Tokenization Effects on Model Behavior¶
Tokenization has subtle but important effects:
Arithmetic¶
"25 + 37" → ["25", " +", " 37"] or ["2", "5", " +", " 3", "7"]
Multi-digit numbers as single tokens makes arithmetic harder
because the model must learn 25+37=62 as a memorized fact
rather than compositional digit-by-digit computation.
Code¶
"def function():" → ["def", " function", "():", ...]
Tokenizers trained on English may fragment code awkwardly.
Code-specific tokenizers (Codex, StarCoder) handle this better.
Multilingual¶
English: "Hello" → ["Hello"] (1 token)
Japanese: "こんにちは" → ["こ", "ん", "に", "ち", "は"] (5 tokens)
Less-common languages often get character-level tokenization,
leading to longer sequences and potentially worse performance.
Connection to Modern LLMs
Tokenization is one of the least "sexy" parts of LLMs but critically important:
- GPT-4 uses a ~100K vocabulary with improved handling of code and non-English
- LLaMA uses SentencePiece with 32K vocabulary
- Claude likely uses a large vocabulary optimized for diverse text
Poor tokenization can bottleneck model performance regardless of architecture.
Exercises¶
-
Implement BPE: Train a BPE tokenizer on a small corpus and visualize the learned merges.
-
Vocabulary analysis: For a fixed text, compare token counts with vocab sizes 1K, 10K, 100K.
-
Language comparison: Tokenize the same sentence in multiple languages.
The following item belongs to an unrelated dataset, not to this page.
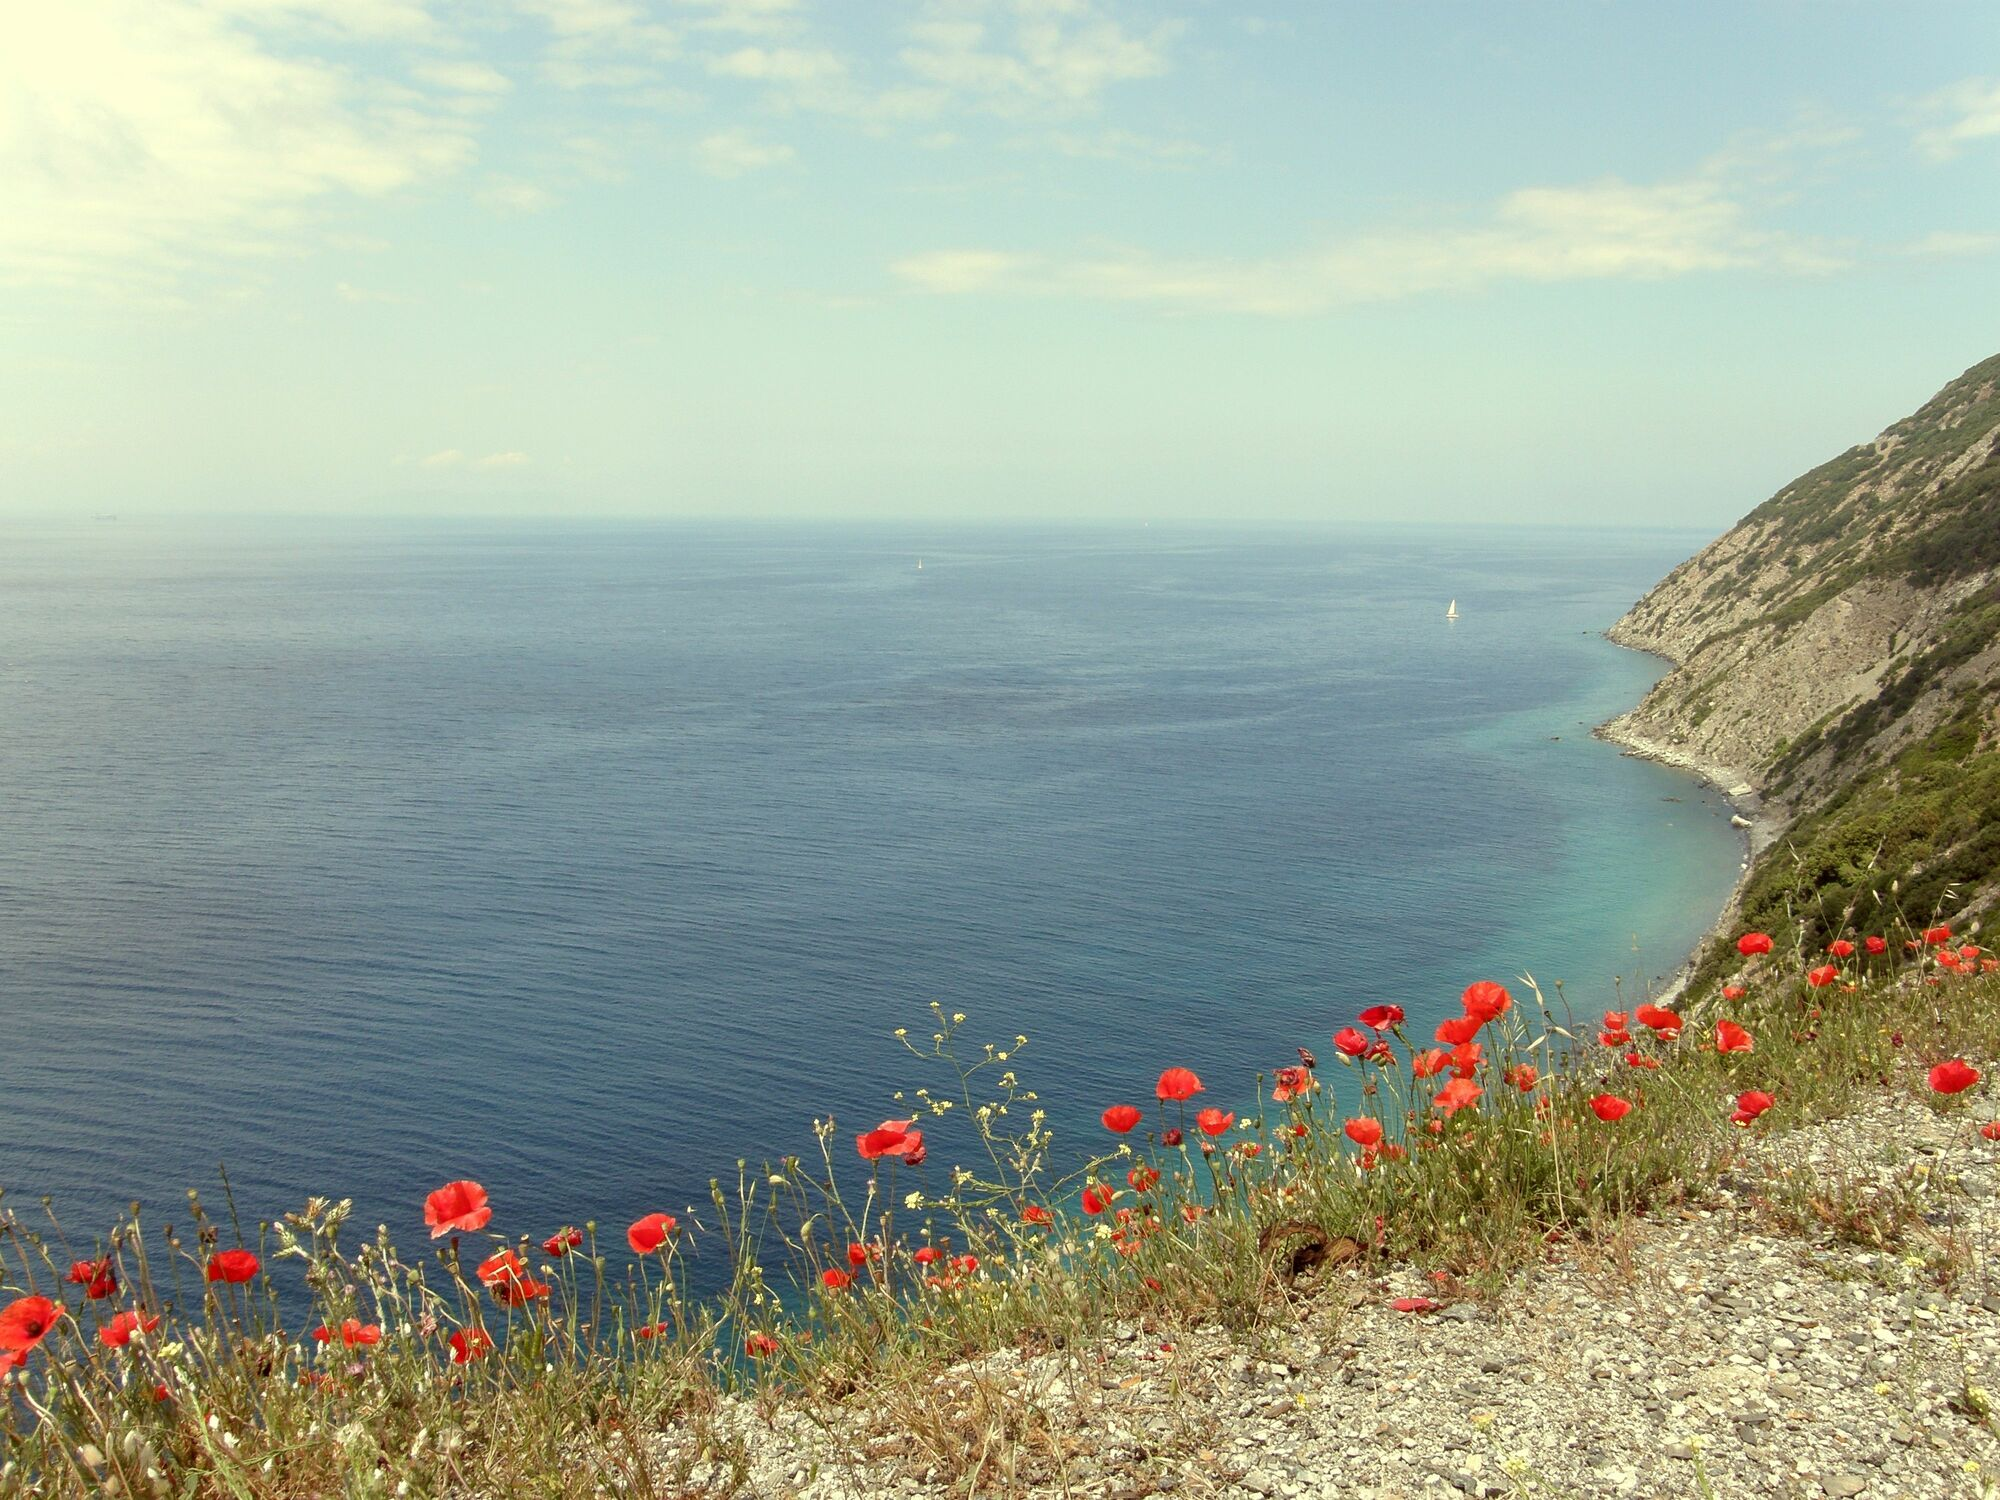 Bild mit Blumen, Blume, Wiese, Felder, Sehnsucht nach Meer, Blumenwiesen, Wiesen, blumenwiese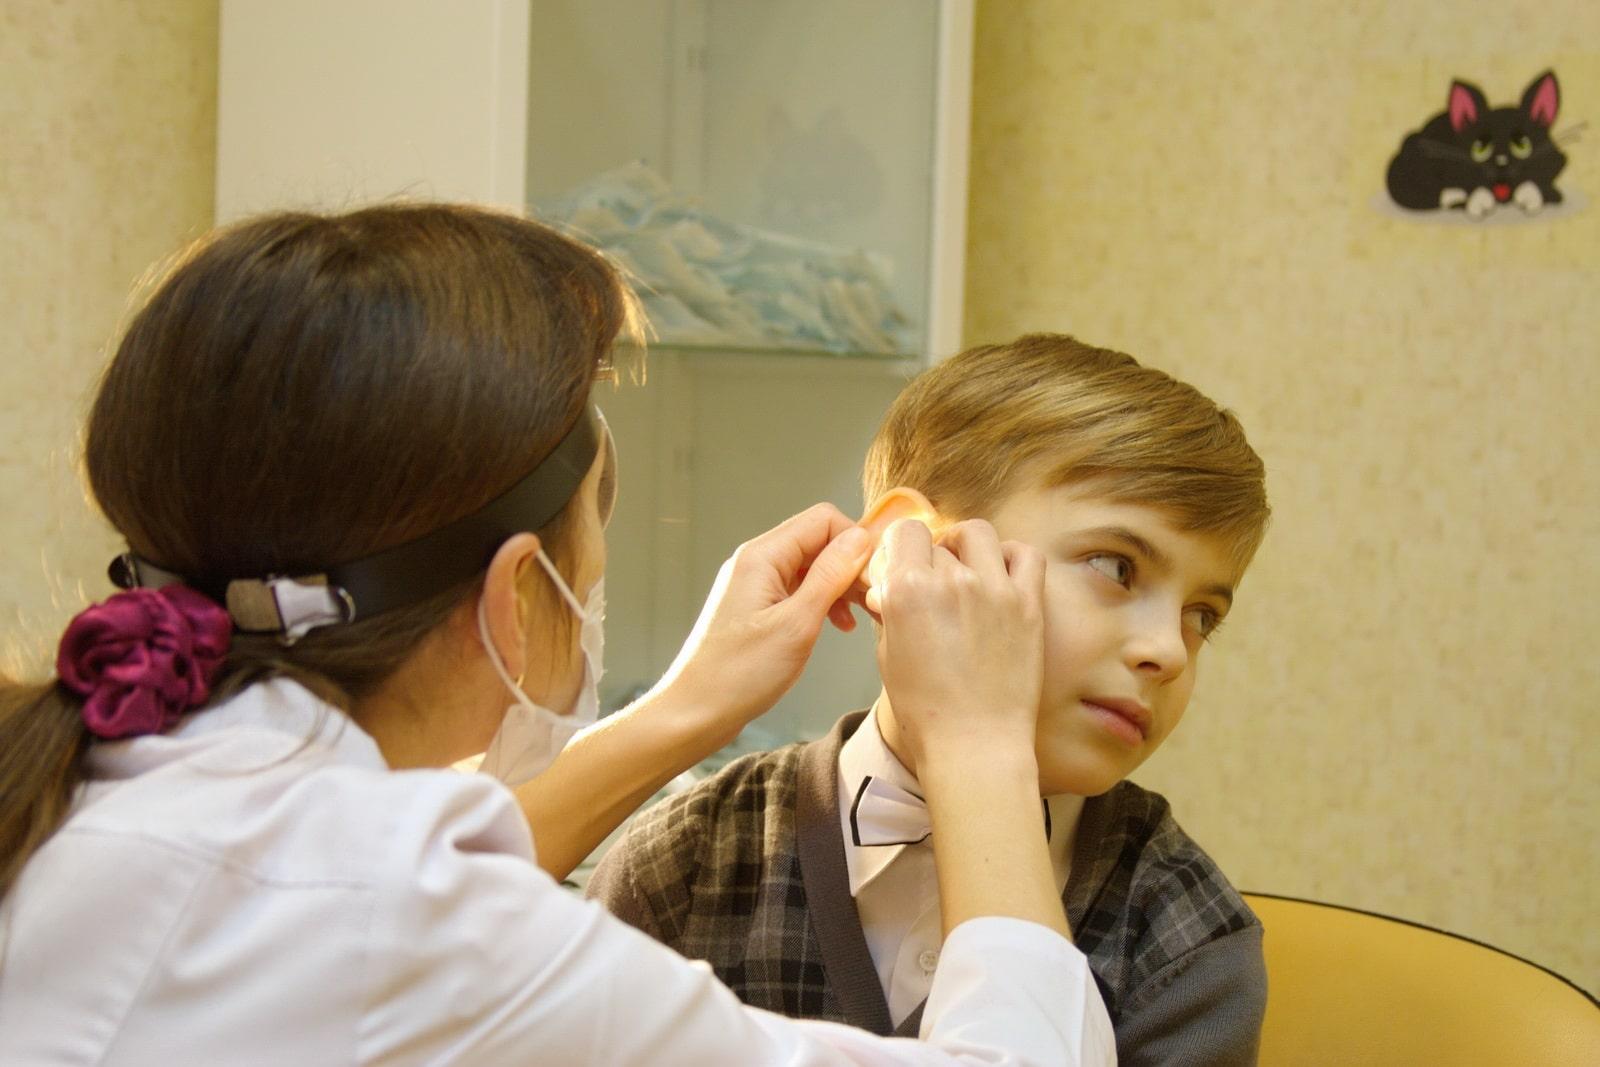 Інструкція щодо застосування вушних крапель «Кандибиотик» для дітей і дорослих та аналоги. Кандибиотик

Which gets more tokens?
-
Number tokenization: How does your tokenizer handle "123456789"? How about "3.14159"?
-
Reconstruct text: Given only token IDs, can you perfectly reconstruct the original text?
Summary¶
| Concept | Definition | Trade-off |
|---|---|---|
| Character-level | One token per character | Universal but long |
| Word-level | One token per word | Short but OOV issues |
| BPE | Merge frequent pairs | Standard approach |
| WordPiece | Merge by likelihood | Used by BERT |
| Vocabulary size | Number of unique tokens | Length vs embedding size |
Key takeaway: Tokenization converts text to discrete tokens that neural networks can process. Subword methods like BPE balance vocabulary size against sequence length, handle rare words through composition, and capture morphological structure. The choice of tokenizer affects model behavior in subtle ways—from arithmetic to multilingual performance.